Torlos turned and jumped out of the airlock. The ship rose high above him as he suddenly became visible on the plain below. He was running toward the city in great leaps of twenty feet—graceful, easy leaps that showed his tremendous power.

Suddenly, a ship was darting down from the city toward him. As it curved down, Torlos stopped and made certain signals with his arms, then he stood quietly with his hands in the air.

The ship hovered above him, and two men dropped thirty feet to the ground and questioned him for several minutes.

Finally, they motioned to the ship, which dropped to ten feet, and the three men leaped lightly to its door and entered. The door snapped shut, and the ship shot toward the city. The magnetic wall opened for a moment, and the ship shot through. Within seconds, if was out of sight, lost in the busy air traffic above the city.

"Well," said Arcot, "now we go back to the hills and wait."


XX

For two days, the Ancient Mariner lay hidden in the hills. It was visible all that time, but at least two of the men were watching the sky every hour of the day. Torlos himself was, they knew, perfectly trustworthy, but they did not know whether his people were as honorable as he claimed them to be.

Arcot and Wade were in the control room on the afternoon of the second day—not Earth days, but the forty-hour Nansalian days—and they had been quietly discussing the biological differences between themselves and the inhabitants of this planet.

Suddenly, Wade saw a slowly moving speck in the sky.

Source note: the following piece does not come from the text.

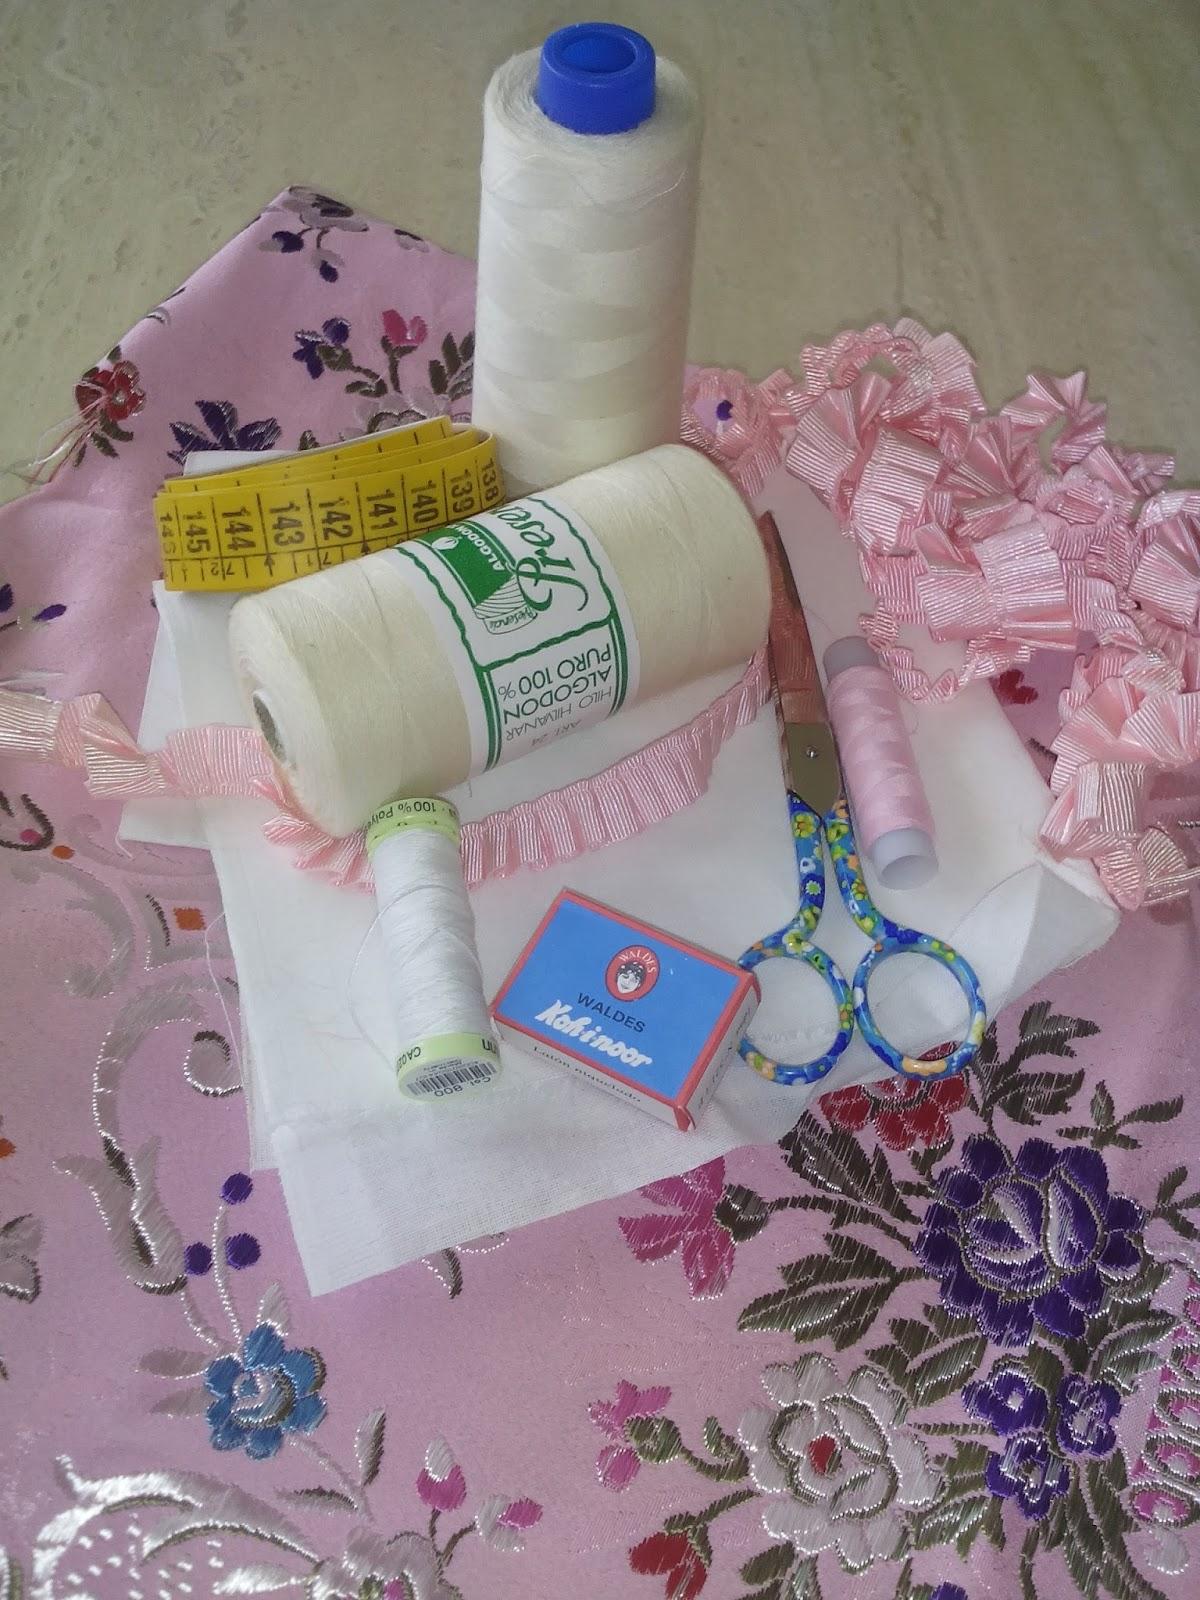 4 X Cinta de fuerte dobladillado Vestido//Falda subir 4m Hierro en Telas no necesita coser

"Look, Arcot! There's Torlos!"

They waited, ready for any hostile action as the tiny ship approached rapidly, circling slowly downward as it came nearer. It landed a few hundred feet away, and Torlos emerged, running rapidly toward the Earth ship. Arcot let him in through the airlock.

Torlos smiled broadly. "I had difficulty in convincing the Council that my story was true. When I told them that you could go faster than light, they strongly objected. But they had to admit that you had certainly been able to tear down the mountain very effectively, and they had received reports of the destruction of the Satorian capitol.

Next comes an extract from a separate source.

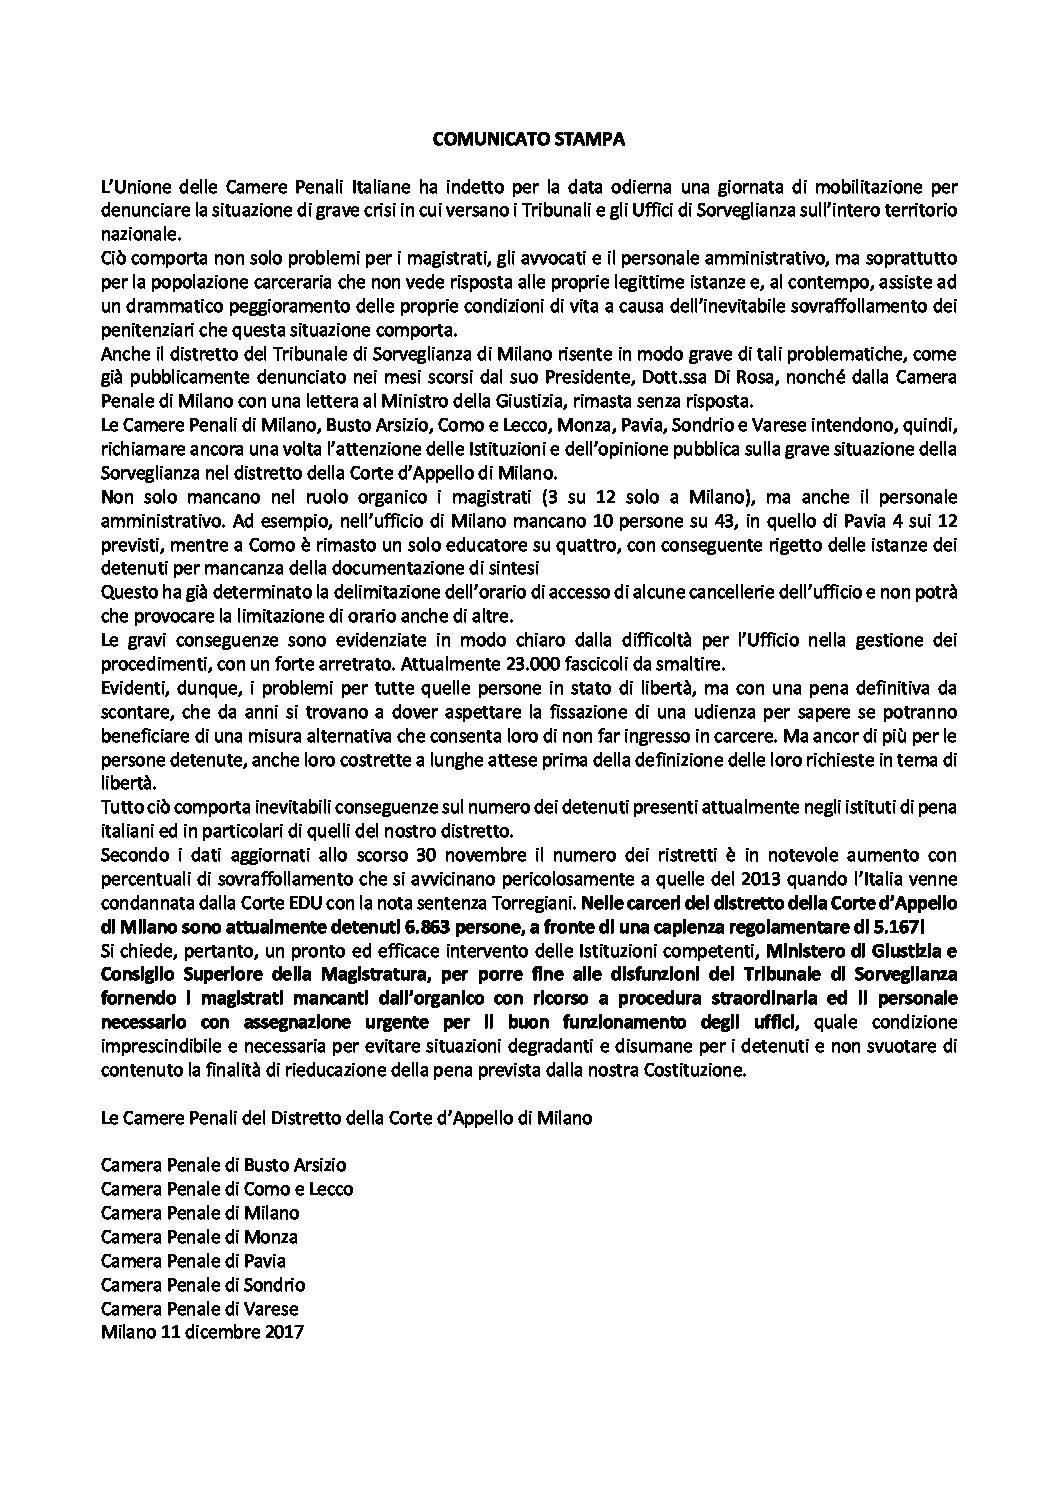 Comunicato stampa Camere Penali Distretto Corte d'Appello di Milano

"It seems you first visited the city of Thanso when you came here. The people were nearly panic-stricken when they saw you rip that mountain down and uproot the magnetic ray station. No one ship had ever done that before!

"But the fact that several guards had seen me materialize out of thin air, plus the fact that they knew you could make yourselves invisible, convinced them that my story was true.

"They want to talk to you, and they say that they will gladly grant your requests. But you must promise them one thing—you must stay away from any of our people, for they are afraid of disease. Bacteria that do not bother you very much might be deadly to us. The Supreme Council of Three is willing to take the risk, but they will not allow anyone else to be exposed."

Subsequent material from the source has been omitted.